Most agile practitioners will be familiar with a definition of done and appreciate its value in helping teams remain transparent in how they get work completed. A similar but less commonly used concept is that of a definition of ready. A definition of ready is used to determine whether work is ready to be started in the first place – is a user story or product backlog item ready to be accepted into a sprint.
A definition of ready would most commonly take the form of a checklist of criteria to help facilitate a team’s decision over whether to start work on something.
Common items considered for a definition of ready:
- Actionable – Is the item immediately actionable (doable) by the team? Do the team know what they need to do, and can they do it now? Is the item free from external dependencies?
- Refined – Has the item been through a process of refinement before sprint planning? Is there a common understanding amongst the team on what the item is and how it will be implemented?
- Value – What is the business value of the item? What is the value to the end user? Is the value clear to everyone on the team?
- Estimated – Has the item been estimated by the team? And, is the item agreed to be of a size that the team are comfortable can be completed within a sprint?
- Acceptance criteria – Has the item got clear acceptance criteria?
- Demo – Do the team understand how they might demo the item or discuss it in the sprint review once complete?

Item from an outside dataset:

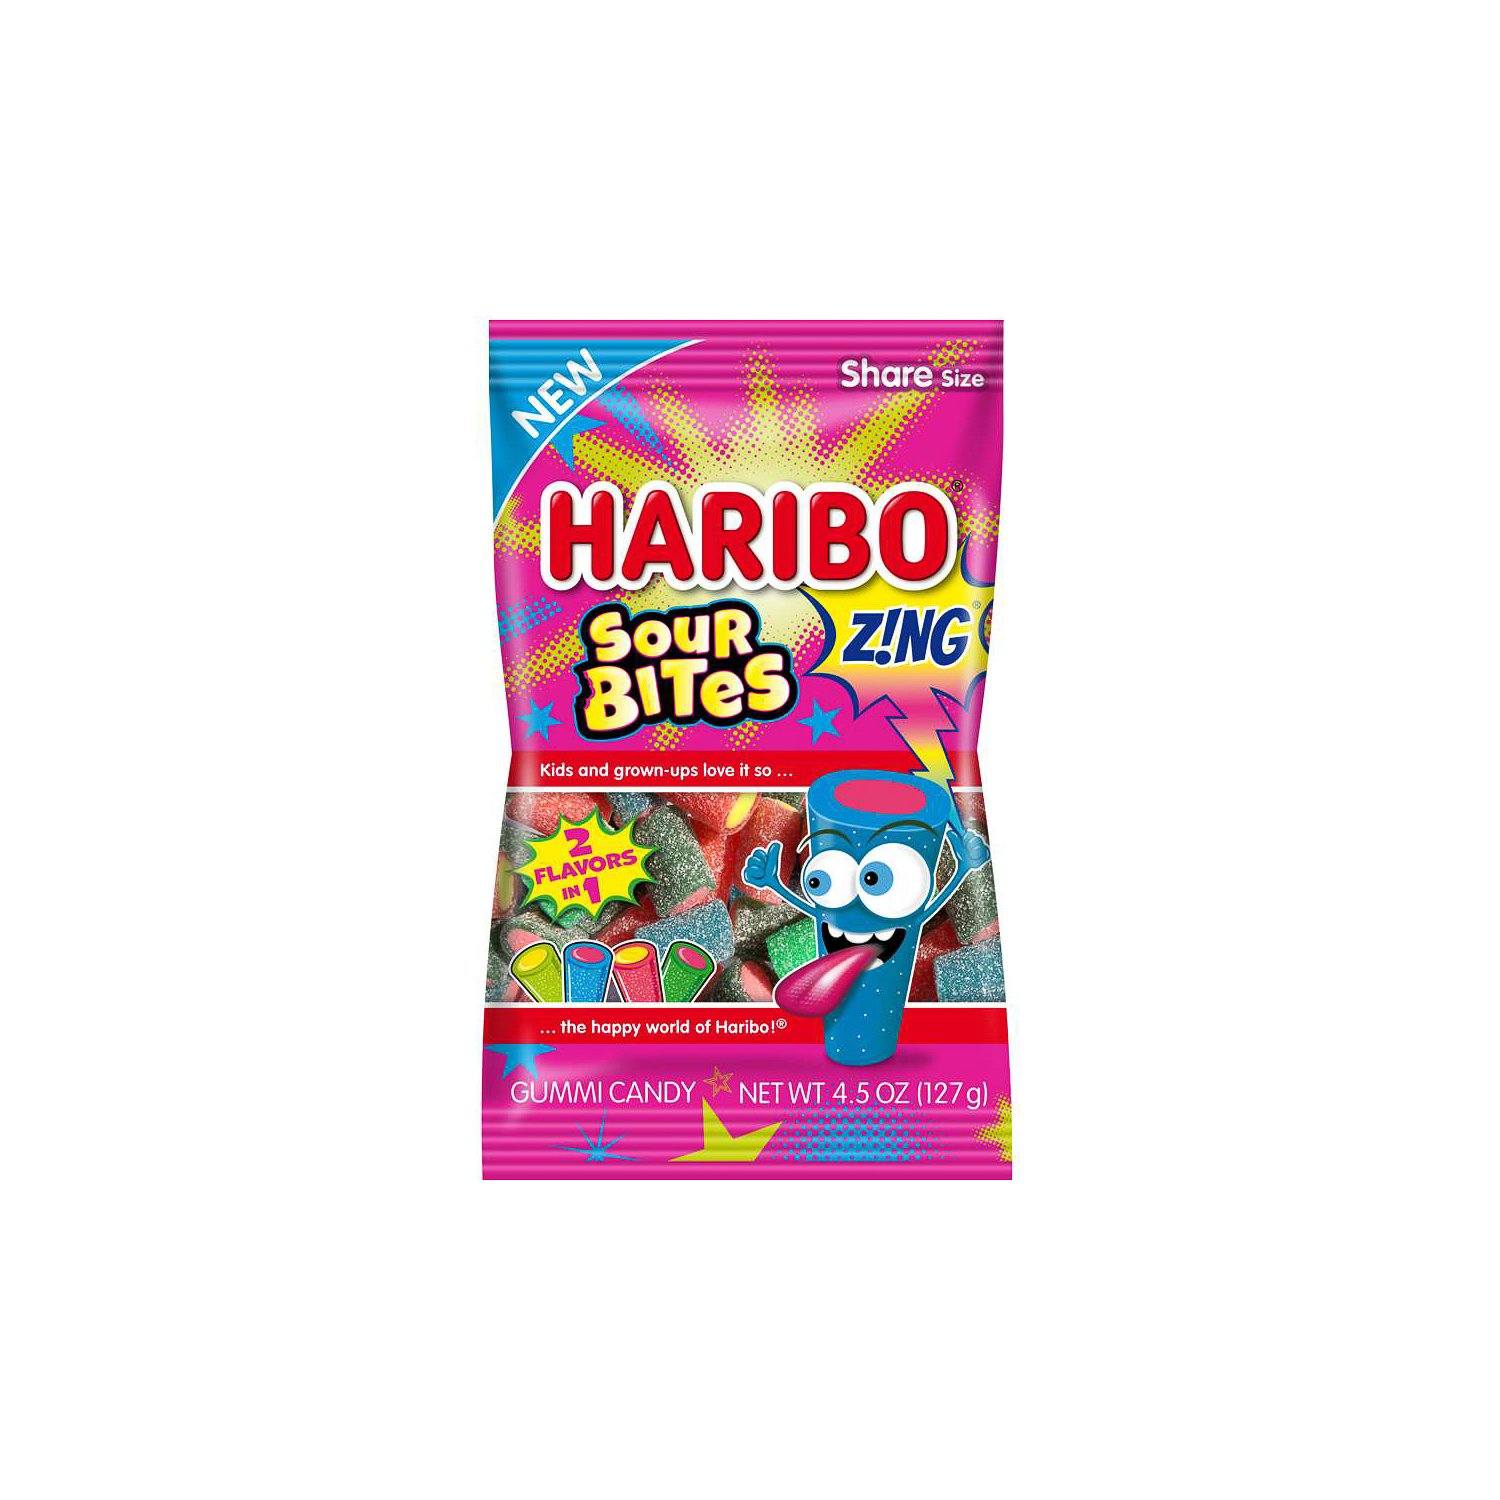 Haribo Gummi Candies Meltable Haribo ZING Sour Bites 4.5 Ounce 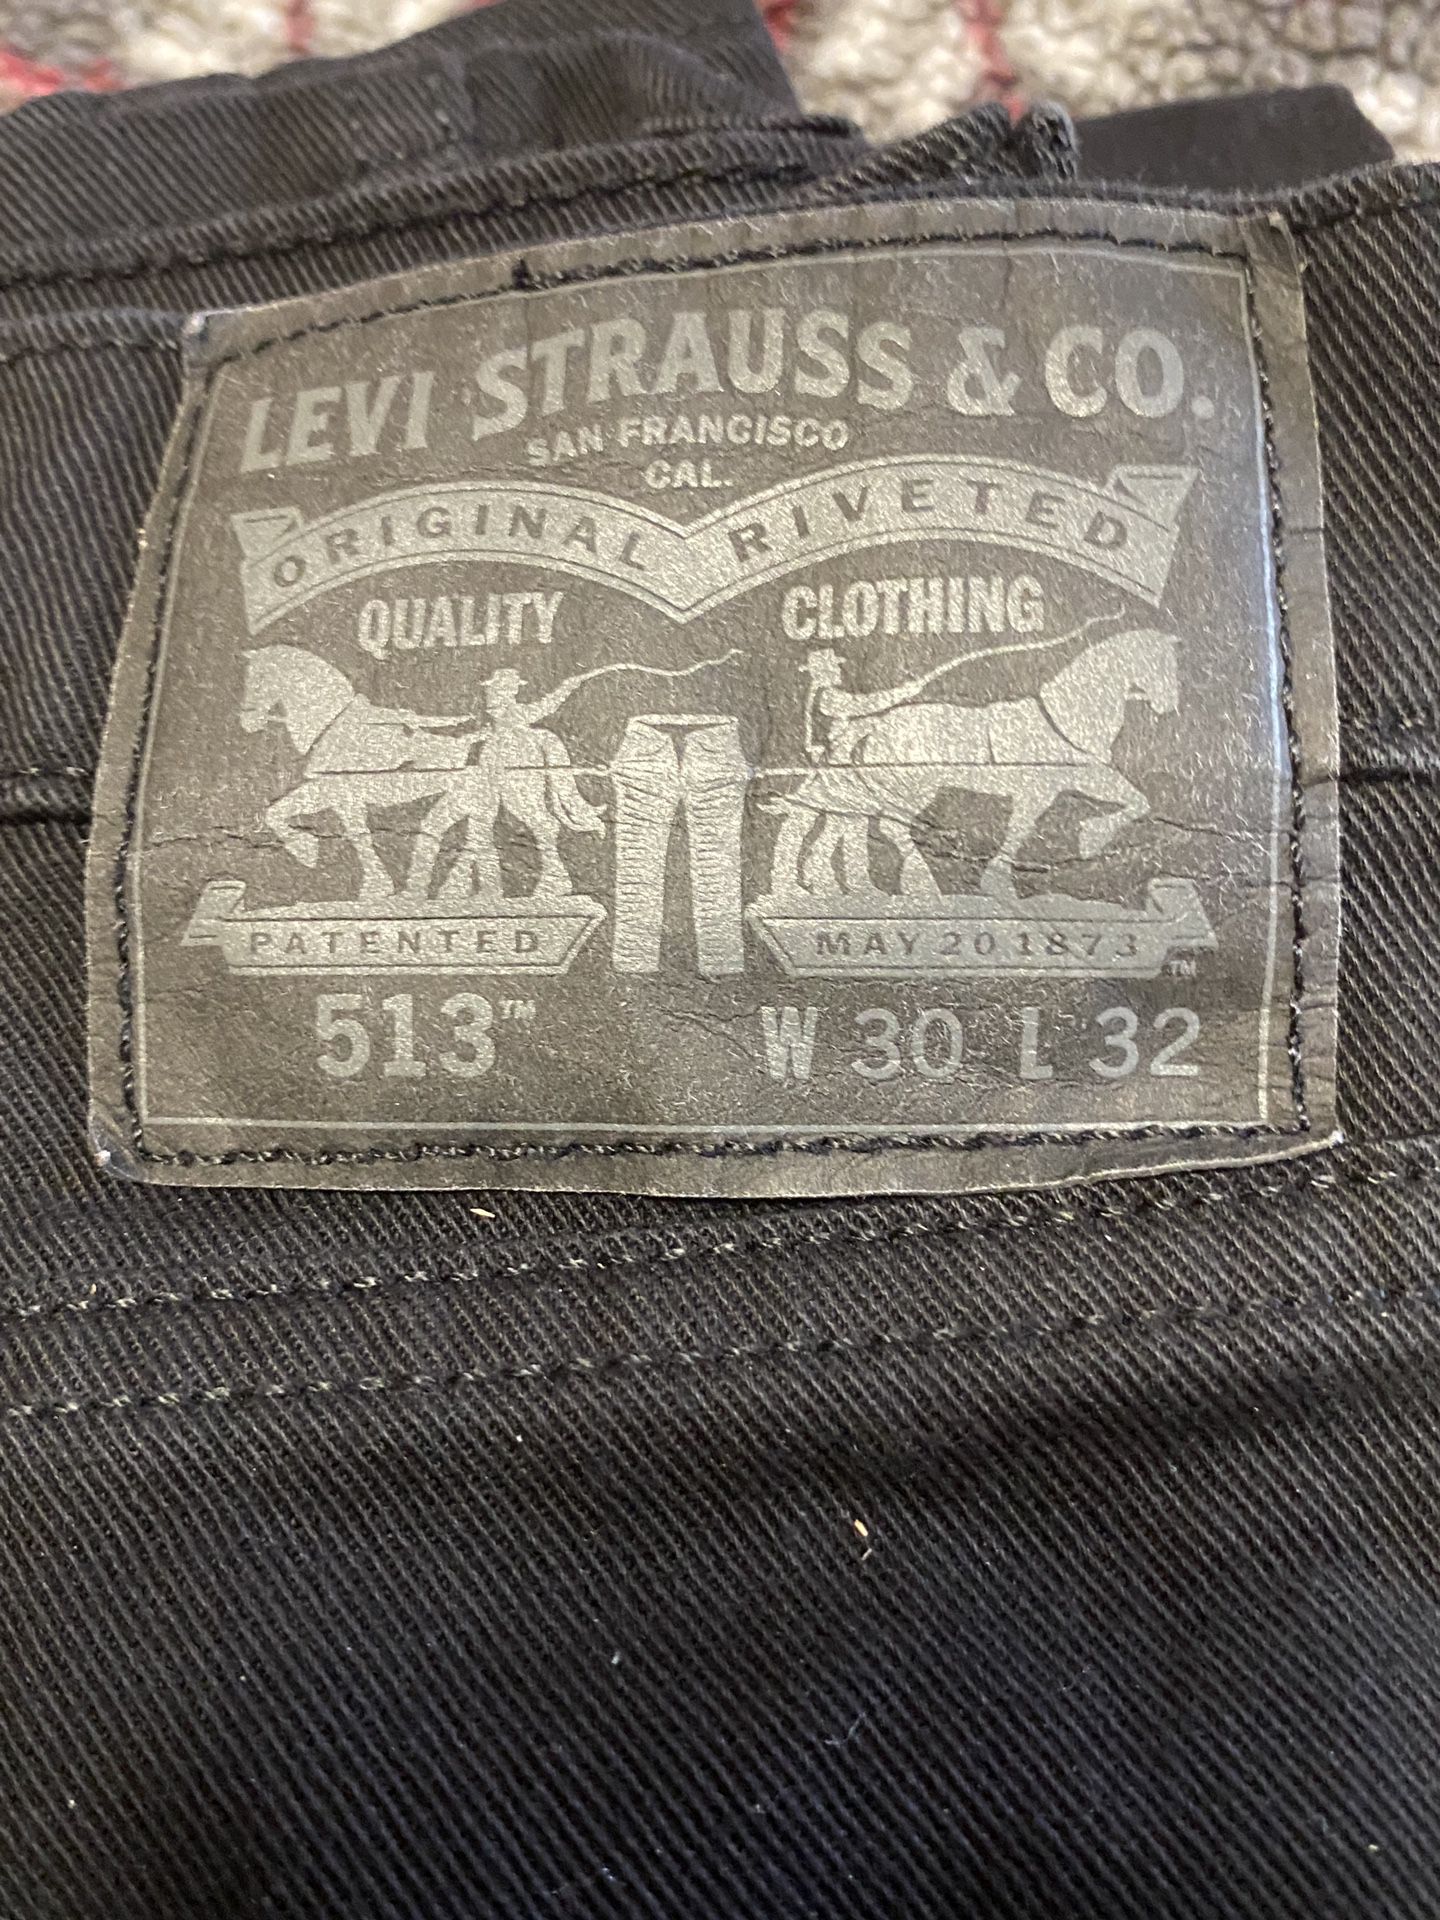 Levi jeans $10 ( 513 ) W 30 L 32

As with the definition of done, the definition of ready should be collaboratively created and agreed by the whole team and be seen as a living document that grows with the team as they mature.
Bronze, silver, gold
Ranking your product backlog items readiness as bronze, silver, gold can help teams visualise how much refinement needs to be done. Lots of gold items near the top means the definition of ready has been met and the development team is well prepared for sprint planning.
A note of caution:
It is easy to misinterpret a definition of ready as a stage-gate within a pipeline of work e.g. to insist that a full design or documented requirements must be provided for every work item before development can start as that is what is on the definition of ready. To be clear, the recommended use of a definition of ready is as a guideline for the team to use to determine if stories are ready to be worked on – a checklist of things to consider, rather than a stage-gate that has to be fully satisfied for every story – always consider the context or situation for every story/item rather than blindly applying every aspect of the definition of ready to every item the team works on.